A common refrain today is that tax reform should “broaden the base and lower the rates.” This is close but not quite correct. One could, for example, have a very broad base by taxing every dollar of business receipts and every dollar of individual income. This massive tax base would permit a very low tax rate, but it also would substitute one set of distortions for another and likely produce a nasty recession and a weaker economy in the long run. Broadening the tax base is fine as long as the goal is not simply a broad tax base but a neutral tax base where, again, neutrality means the definition of what is taxed creates neither artificial incentives nor disincentives. This is essentially where the President’s corporate tax reform framework runs off the tracks.
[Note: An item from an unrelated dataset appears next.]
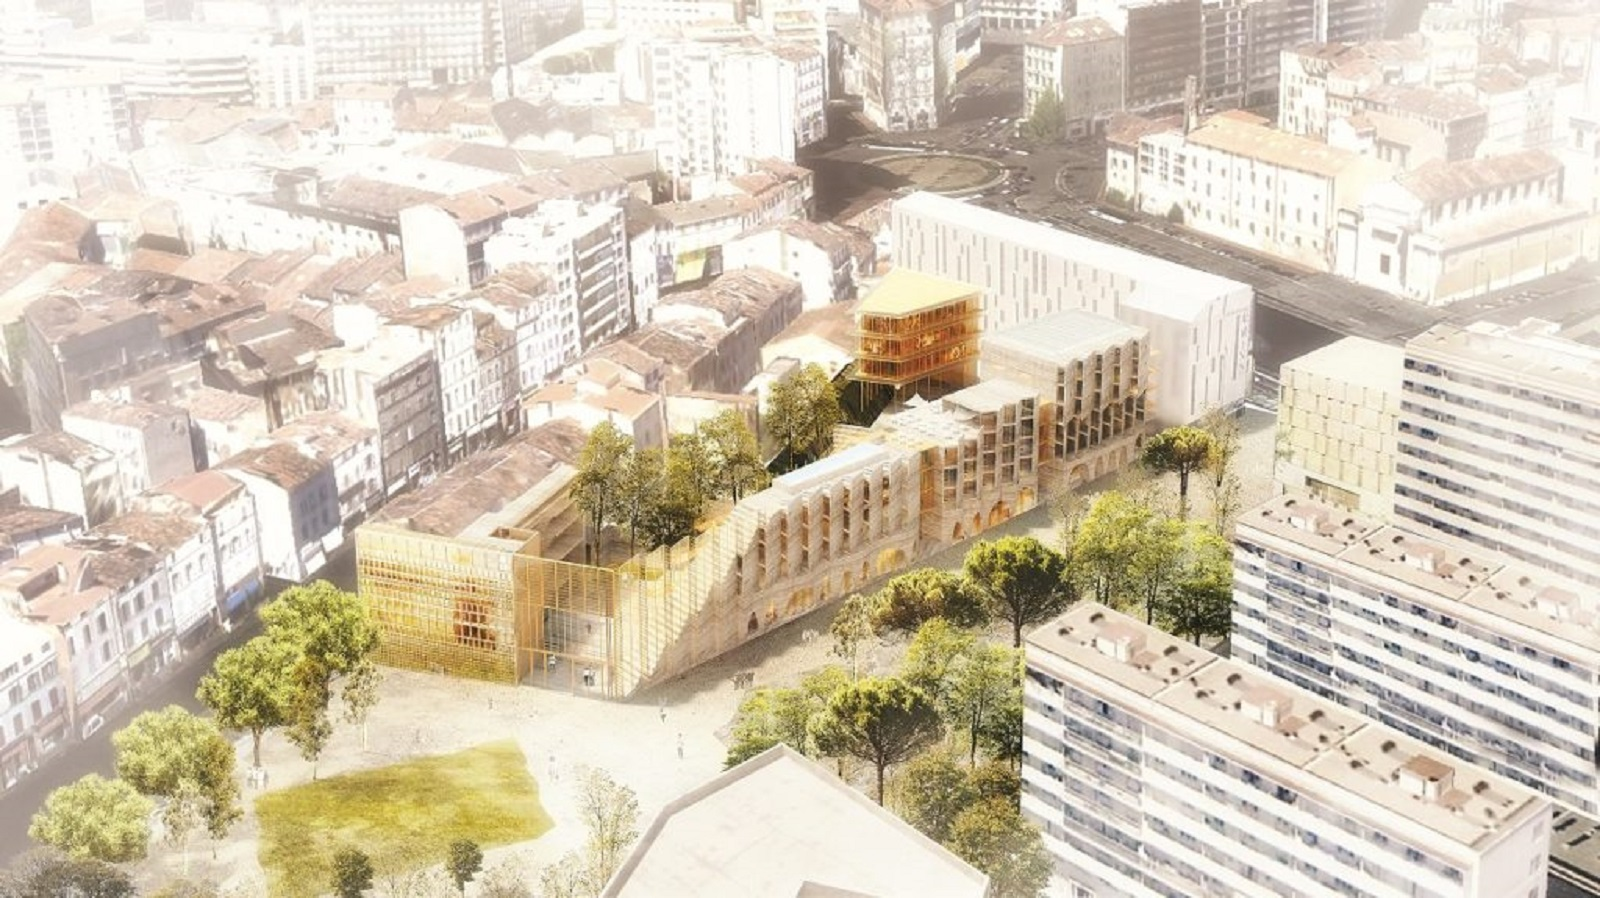 projet urbain marseille ilot sur le parc laureat

His framework broadens the base to the point of overstating taxable income and thus losing much of the benefit he would obtain from lower rates.
Finally, with respect to tax policies that would help the economy, one must acknowledge something of a conflict between the goals of tax certainty and pro-growth revenue-neutral tax reform designed to achieve a neutral tax base and lower rates. Perfect tax certainty precludes any tax changes, including positive changes from tax reform. No one can say, once started, where tax reform will end. For policymakers and economists, this is a source of concern. It is much worse for businesses facing difficult decisions. Given the current weakened state of the economy, any ill-defined move toward tax reform would increase the uncertainty in the economy, adding substantially to the economy’s headwinds.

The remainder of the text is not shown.